HIV case reporting and partner notification

Reporting of HIV infections strengthens our ability to describe and monitor the epidemic, but can also facilitate HIV-infected persons' awareness of their own infection and entry into medical care, and lead to earlier diagnosis of exposed partners. The intent of contacting persons reported with HIV infection is to assist infected persons in notifying spouses and sex and needle-sharing partners that they may be infected, and to provide referral for care and other services. Public health staff elicit partner information, then work with the infected person to determine which he/she will reach and which public health will contact (without disclosing the case's identity). Exposed persons are then offered counseling and testing to learn of their status, hasten their entry into care if positive, and prevent further transmission to others.
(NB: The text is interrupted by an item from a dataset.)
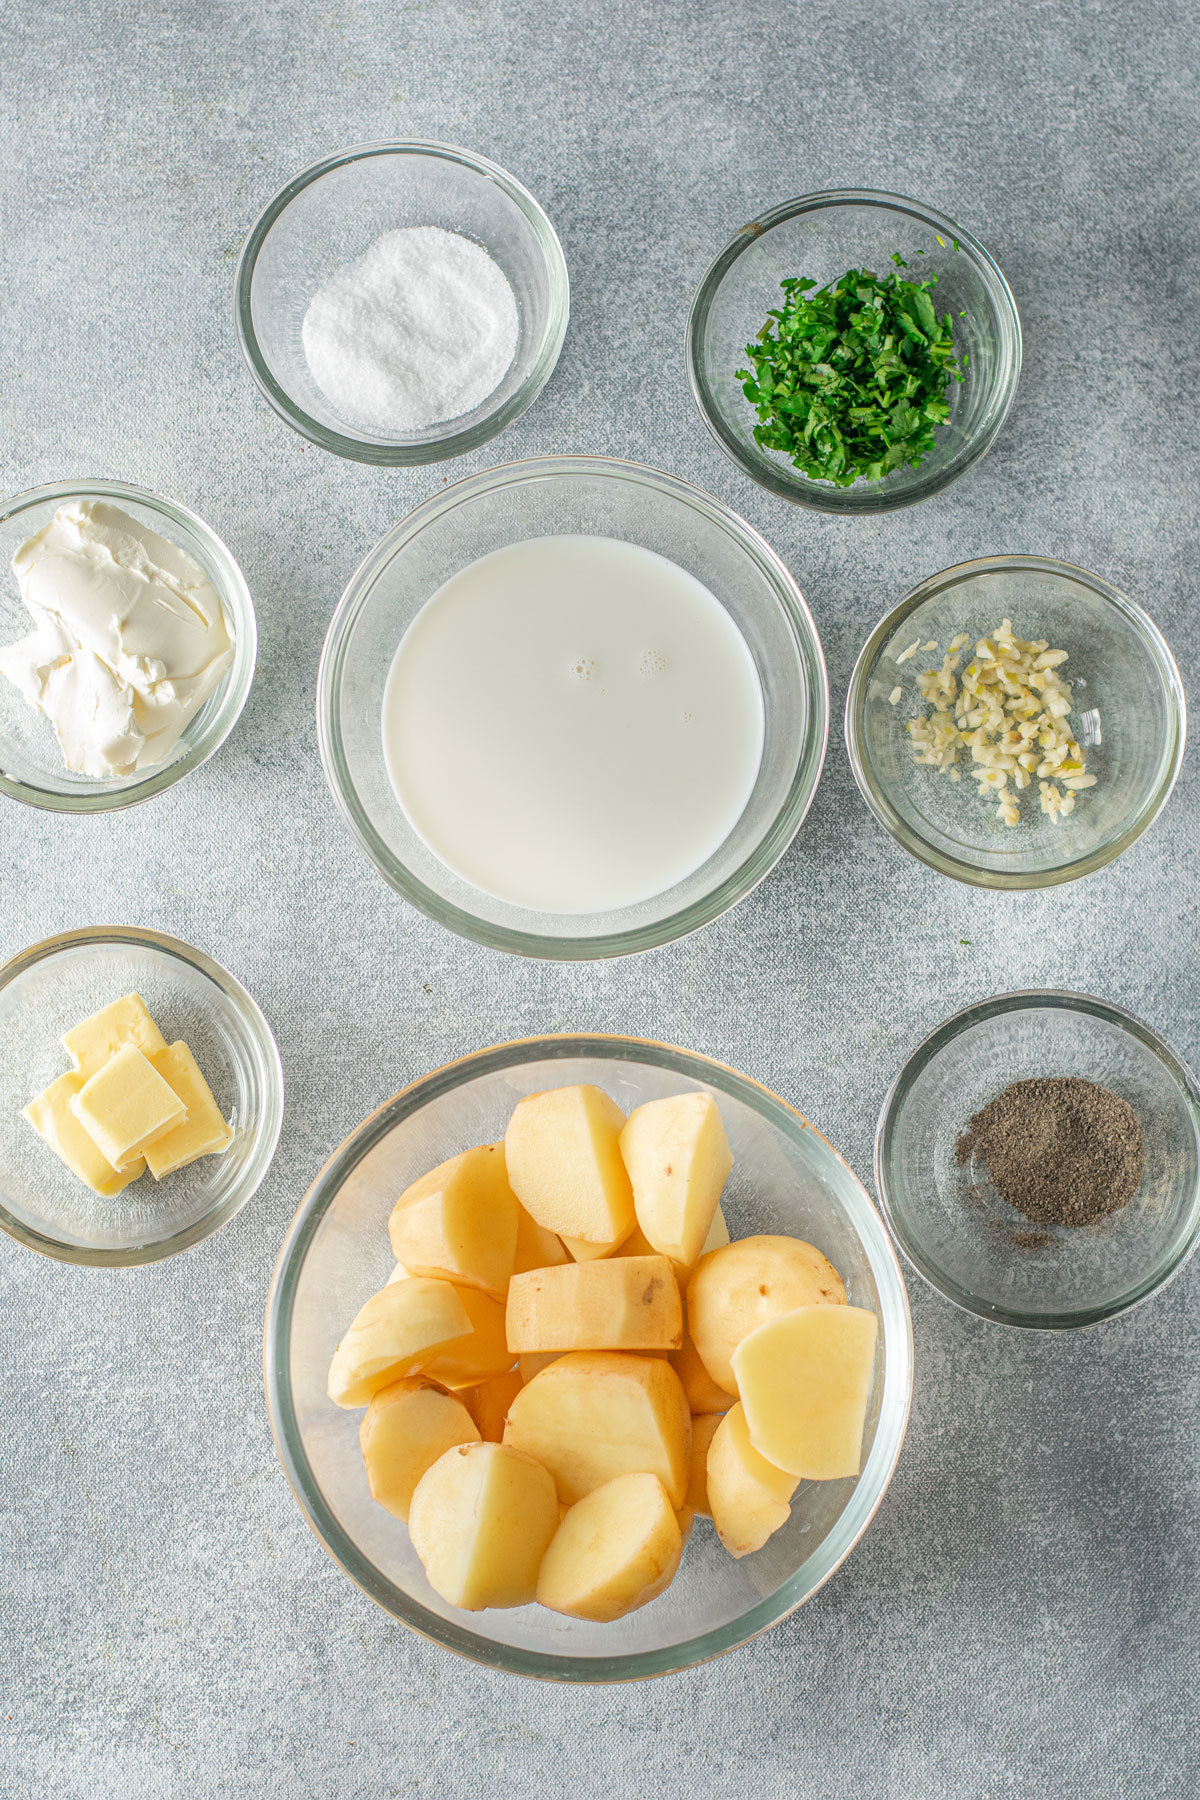 Ingredients of Instant Pot Garlic Mashed Potatoes. These includes potatoes, salt, milk, cream cheese, crushed black pepper, chopped cilantro, water, real butter

Public health officials will contact the principal health care provider to determine the best means of contacting the HIV-infected person to conduct partner notification. The health care provider who recommends the health officer not meet with the HIV-infected individual, must inform the HIV-infected individual of the necessity to notify partners, assist in notifying partners, and inform health officials of the identity of certain partners.

Health officers shall use identifying information only for contacting the HIV-infected individual to provide post-test counseling, to assure health services are being accessed, to contact partners, or to investigate behaviors that endanger the public health. The information linking HIV-infected persons and their partners generally must be destroyed within 3 months (WAC 246-100-072).

A timeline of Washington State HIV and AIDS reporting rules

  • 1982 First AIDS case reported in King County by name. Washington made AIDS reportable by emergency rule in 1984.

  • 1987 Washington required reporting of symptomatic HIV (B1/B2) cases by name.

  • 1999 Name-to-code reporting system implemented September 1 for asymptomatic HIV infection. Names are removed within 90 days. Approximately 5,800 AIDS cases have already been reported by name.

  • 2002 -2005 Washington participated in Evaluation of HIV Infection Reporting project funded by CDC. The project demonstrated that WA name-to-code HIV data meet rigorous quality standards.

  • 2004 After surveying local health care providers, King County began using case reports to routinely offering Partner Counseling and Referral Services for all new diagnoses of HIV infection.

  • 2005 CDC recommended that all states report and maintain HIV cases by name. This recommendation is tied to future Ryan White Care funding, threatening the loss of $5 million locally if Washington does not change its name-to-code system to name only.

  • 2006 Washington implemented standard name HIV reporting (retaining names) to comply with the 2005 CDC recommendation. An emergency rule is approved in March, with the final rule effective September 1. King County staff work with local health care providers to re-ascertain names on 99% of previously reported HIV cases.

  • 2006 Washington implemented expanded laboratory reporting as of September 1. Labs are required to report all CD4 results and all HIV viral load results.